What we see in all of this is that sometimes people and reality loathe progressive changes and new ideas. Stalin’s cure was instant and lasted for the rest of his life, but in America, the progress is not as clear and conclusive. Where this stifles progress, the state or regulatory bodies can step in and declare things so, just as Stalin did.
However, such declarations do not change reality. As we know, Stalin didn’t really cure malaria, American psychiatrists did not cure mental illness, Iceland has not cured Down syndrome, and a law or regulation cannot cure gender dysphoria. The best man can do is require that we play along with fiction, even though we know better. Tyranny is difficult in this way.
However, that isn’t the best man can do. The best we can do is accept reality, cooperate with reality, and stand up for truth. This is true freedom, the ability to do what is right and good. In Stalinist Russia, that meant a one-way ticket to slavery and likely death in the gulag; today, it can mean losing your livelihood, fines, and social ostracism. This is what Pope Emeritus Benedict XVI named the dictatorship of relativism.
Dictatorships are not all bad (unless you live under one), only because we can learn from them. We have plenty examples to learn from, so there is no need for any new dictatorships. Unfortunately, we are falling under the dictatorship of relativism a little more each day.
The way to remain free is to refuse to comply with the dictates of relativism. Some foolishly say that freedom is the right to do whatever you want. This comes from thinkers like Locke, Hume, Rousseau, Kant, and others who brought us the Enlightenment. Relativism is a rotten fruit of the Enlightenment, especially moral and religious relativism.
“Enlightenment is man’s release from his self-incurred tutelage. Tutelage is man’s inability to make use of his understanding without direction from another. Self-incurred is this tutelage when its cause lies not in lack of reason but in lack of resolution and courage to use it without direction from another. Sapere aude! ‘Have courage to use your own reason!’- that is the motto of enlightenment.” —Immanuel Kant
Enlightenment thinkers believed that man could step out of an artificially created fog and prosper like never before.
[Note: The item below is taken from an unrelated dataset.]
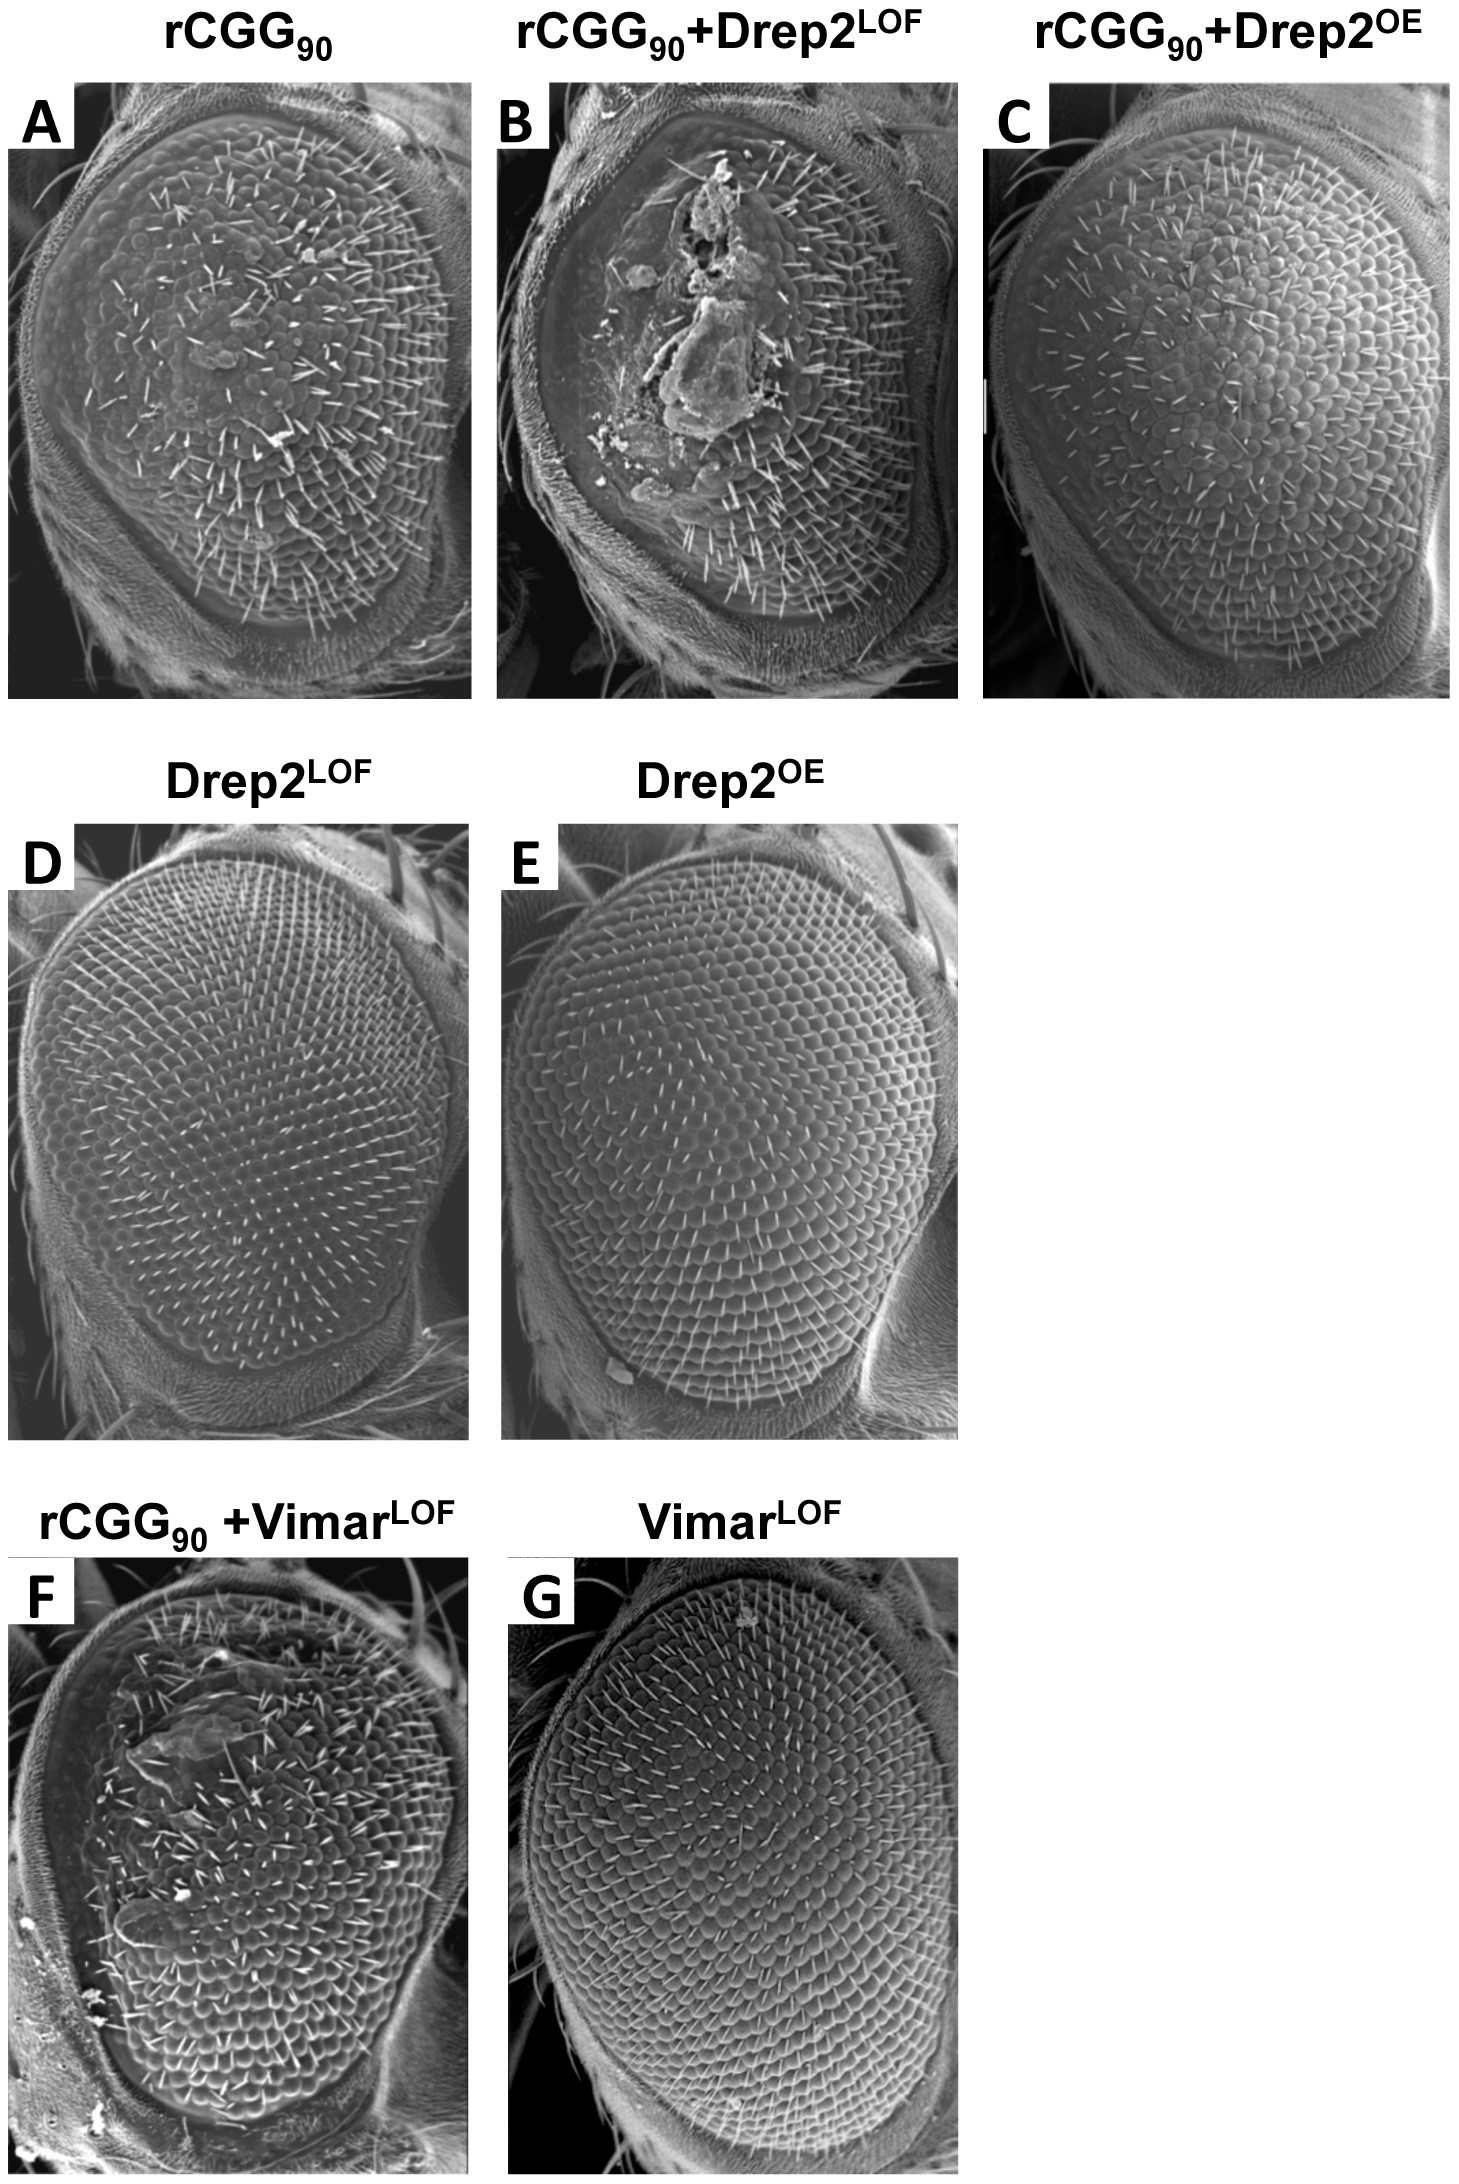 Modification of rCGG-mediated neurodegenerative eye phenotype by Drep-2 and Vimar.

They believed that this “fog” was created by the Catholic Church through things such as Scripture, Christian morality, and the Church’s teachings on divine law.
Once man was out from under the tutelage of the Church, man would finally have the freedom to know, but it has evolved into the freedom to do whatever you want, which is really just a powerful form of slavery. It was all simply a new version of the Fall.
But the serpent said to the woman, “You will not die; for God knows that when you eat of it your eyes will be opened, and you will be like God, knowing good and evil.” —(Genesis 3:4–5) (emphasis added)
Relativism is every bit as cruel, insecure, and paranoid as Joseph Stalin was. These are characteristics of all brutal dictatorships. Is it possible that the dictatorship of relativism could become as ruthless and demented as Stalin did? I pray that the madness ends before we actually have camps and institutions where the state sends those of us who do not acquiesce to declarations of man which contradict reality.
Both freedom and relativism come with a price.
The price of relativism is relinquishing the freedom to live in reality while on Earth and the forfeiture of eternal salvation after your death. This means a frustrating life followed by an eternity of misery after death. It is not worth the cost.
The price of freedom may be martyrdom: the loss of friends, loss of reputation, loss of your ability to earn an income in your chosen field, and maybe even imprisonment. Yet the payoff is unimaginably abundant. The ability to follow God’s will and to engage in actions that glorify God and bring about the highest good cannot be traded for the fictional world where knowledge is supreme and God does not exist.
Aleksandr Solzhenitsyn was a living testament to this fact.